Why AI Generates Verbose Code

Before fixing this, I needed to understand why it happens.

Training Bias

AI models learn from public codebases. And public codebases contain a lot of verbose code with extensive comments and defensive programming. The model learns that “good code” often looks like this:

verbose_example.py
def calculate_total(prices: List[float]) -> float:
"""
Calculate the total sum of all prices.
Args:
prices: A list of price values as floats.
Returns:
The total sum as a float.
Raises:
ValueError: If prices is empty.
"""
if not prices:
raise ValueError("Prices list cannot be empty")
total = 0.0
for price in prices:
if price < 0:
raise ValueError(f"Price cannot be negative: {price}")
total += price
return total

This is “good code” by many standards. But if you want concise code, the model needs different signals.

Safety Bias

Models are trained to be helpful and explicit. They explain themselves through comments and expanded logic. This is safer from the model’s perspective—better to over-explain than under-explain.

No Natural Brevity Constraint

When you ask someone to “write good code,” they might think about correctness, performance, or maintainability. “Brevity” doesn’t naturally appear in that list unless you explicitly add it.

What I Tested

I ran experiments with three categories of prompts:

  1. Direct quantitative constraints - Explicit line count targets
  2. Semantic deduplication - Target the root cause of verbosity
  3. Persona-based prompts - Use character framing to trigger different evaluation patterns

Here’s what worked and what didn’t.

Category 1: Direct Quantitative Constraints

What Didn’t Work

Make this code cleaner.
Refactor this.
Improve this code.

These vague requests produced inconsistent results. Sometimes shorter, sometimes longer, always unpredictable.

What Worked

prompt-direct.txt
Reduce this code to under 30 lines while maintaining functionality.
Constraints:
- Preserve all current behavior
- Keep error handling
- No comments unless absolutely necessary

AI responds well to measurable, testable constraints. “Under 30 lines” is a clear target. The model can evaluate its own output against this criterion.

Example

Before (45 lines):

before_reduction.py
def process_user(user_id):
# Get user from database
user = db.query(User).filter(User.id == user_id).first()
if user is None:
return None
# Validate user status
if user.status != 'active':
return None
# Get user orders
orders = db.query(Order).filter(Order.user_id == user_id).all()
if orders is None:
return None
# Calculate total
total = 0
for order in orders:
total += order.amount
return {'user': user, 'orders': orders, 'total': total}
def process_product(product_id):
# Get product from database
product = db.query(Product).filter(Product.id == product_id).first()
if product is None:
return None
# Validate product status
if product.status != 'active':
return None
# Get product reviews
reviews = db.query(Review).filter(Review.product_id == product_id).all()
if reviews is None:
return None
# Calculate average rating
total_rating = 0
for review in reviews:
total_rating += review.rating
avg_rating = total_rating / len(reviews) if reviews else 0
return {'product': product, 'reviews': reviews, 'avg_rating': avg_rating}

After applying the prompt (18 lines):

after_reduction.py
def fetch_and_validate(model, item_id, status='active'):
item = db.query(model).filter(model.id == item_id).first()
return item if item and item.status == status else None
def process_user(user_id):
if not (user := fetch_and_validate(User, user_id)):
return None
orders = db.query(Order).filter(Order.user_id == user_id).all() or []
return {'user': user, 'orders': orders, 'total': sum(o.amount for o in orders)}
def process_product(product_id):
if not (product := fetch_and_validate(Product, product_id)):
return None
reviews = db.query(Review).filter(Review.product_id == product_id).all() or []
avg = sum(r.rating for r in reviews) / len(reviews) if reviews else 0
return {'product': product, 'reviews': reviews, 'avg_rating': avg}

60% reduction. Same functionality. The key was giving a specific line target.

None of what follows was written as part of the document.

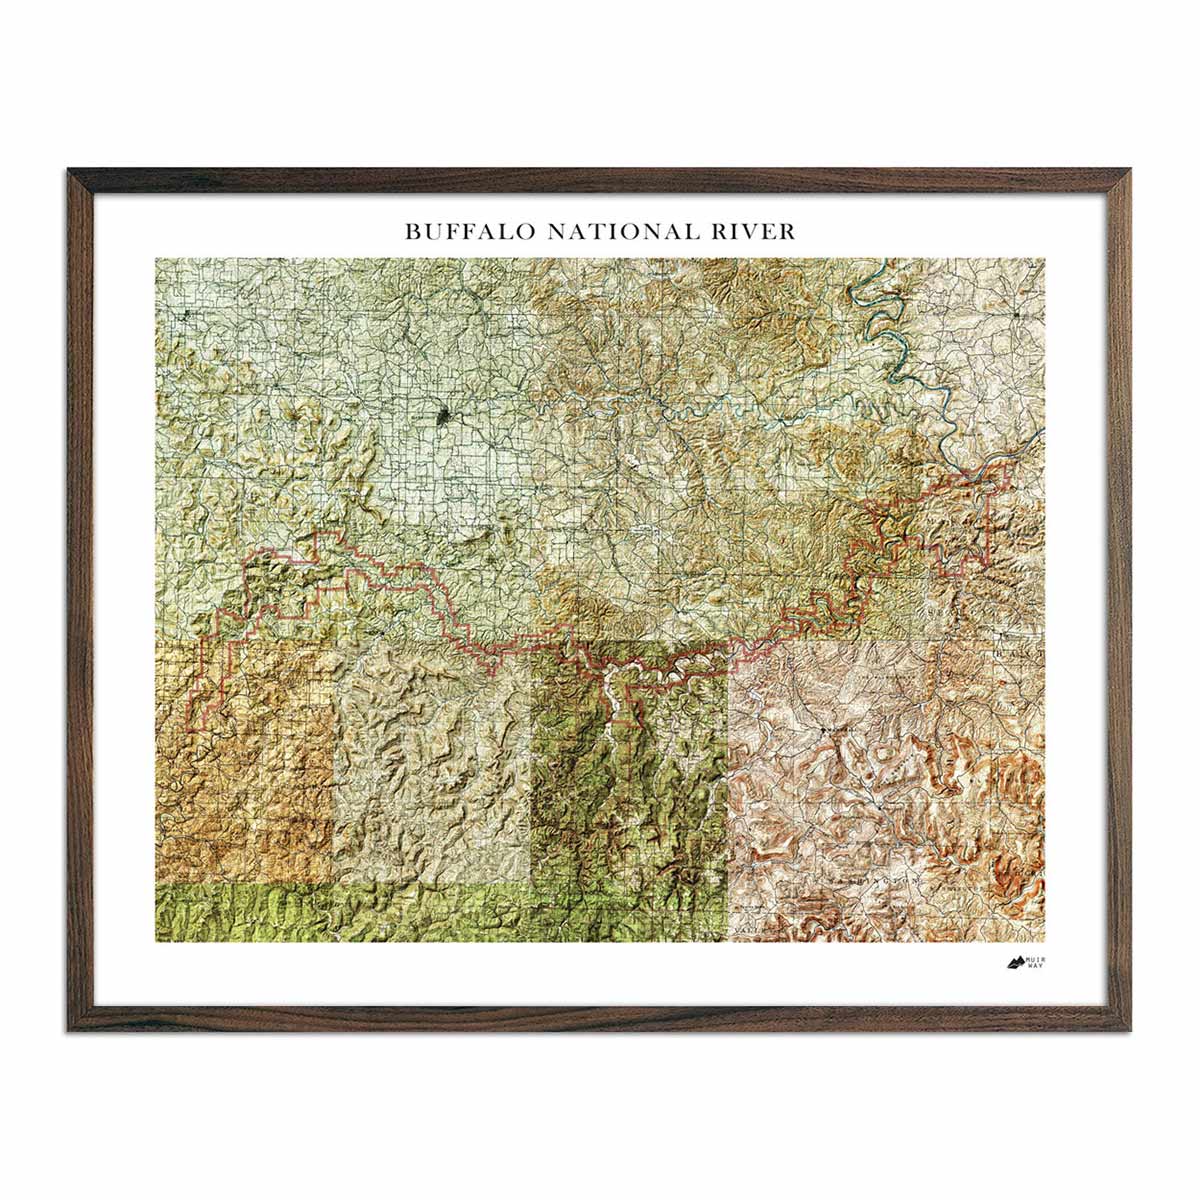  Historic Map - National Atlas - 1956 Shell Highway Map of  Arkansas-Louisiana, Mississippi. - Vintage Wall Art - 44in x 66in: Posters  & Prints

Category 2: Semantic Deduplication

This targets the root cause of verbosity: duplicated logic masked by slight variations.

The Prompt

prompt-dedup.txt
Semantically deduplicate all sequences of 5+ statements that appear 2+ times.
Process:
1. Find repeated code patterns (same logic, different variable names)
2. Extract into helper functions or utilities
3. Preserve exact behavior
4. No comments unless non-obvious

Why This Works

AI often generates similar code blocks with minor variations. A prompt that specifically targets “sequences of 5+ statements used 2+ times” tells the model exactly what to look for.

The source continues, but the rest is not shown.